Virginia.  There were a number of early Terrys in Virginia in the 1600’s.

The earliest may have been William Terry from London who arrived in 1652.  He was apparently from a Terry family that transported indentured servants to the colonies.  William himself stayed and settled in Lunenburg county.  There were later Terrys of this line in South Carolina.  

Thomas Terry was born in 1665 in what became Caroline county.  His descendants were to be found in Edgefield, South Carolina in the late 1700’s.  Joseph Terry moved to Mississippi in 1836 where he bought land in Hinds county for a farm and general store.  His son William had the town of Terry named after him.

And James Terry was born in the 1680’s also in Caroline county.  He moved in later life to North Carolina and his descendants to Alabama in the early 1800’s.  William Terry was a Methodist preacher there

Elsewhere.  Thomas Terry, a Quaker, was one of the original settlers of Bucks county, from lands granted him by William Penn in 1683.  Five generations of Terrys lived there. 

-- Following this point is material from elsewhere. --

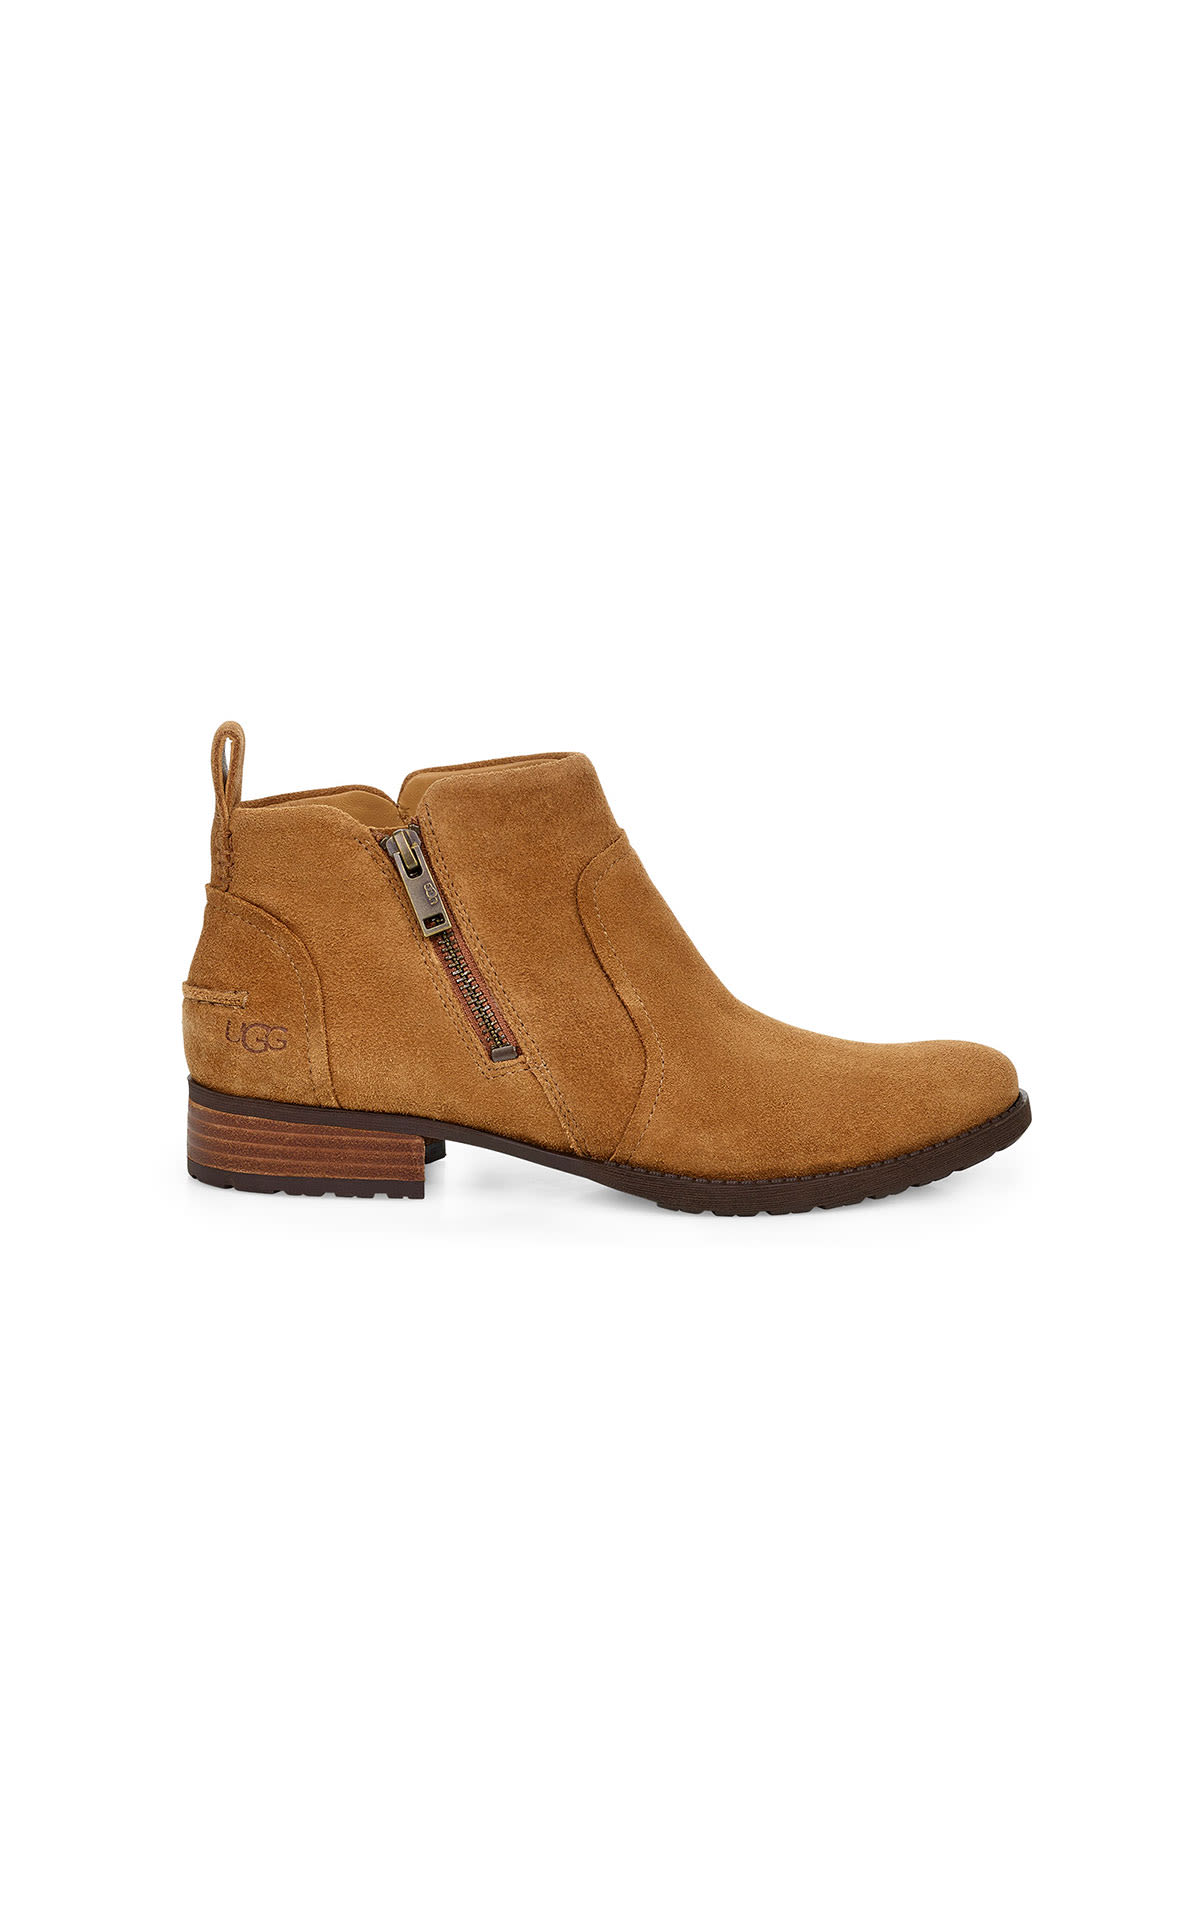 Brown ankle boots with mini heel for women UGG

But David Terry, Thomas’s great grandson, found the Quakers no longer being tolerated there in the early 1800’s.  He embarked on a desperate course of action – emigration to Canada. He and his family left Pennsylvania for Gwillimbury township north of Toronto in 1801. 

Australia.  Samuel Terry’s history in Australia was a rags-to-riches story, from his arrival from Manchester as a convict in Sydney in 1801 to the business empire that he had created there some twenty years later.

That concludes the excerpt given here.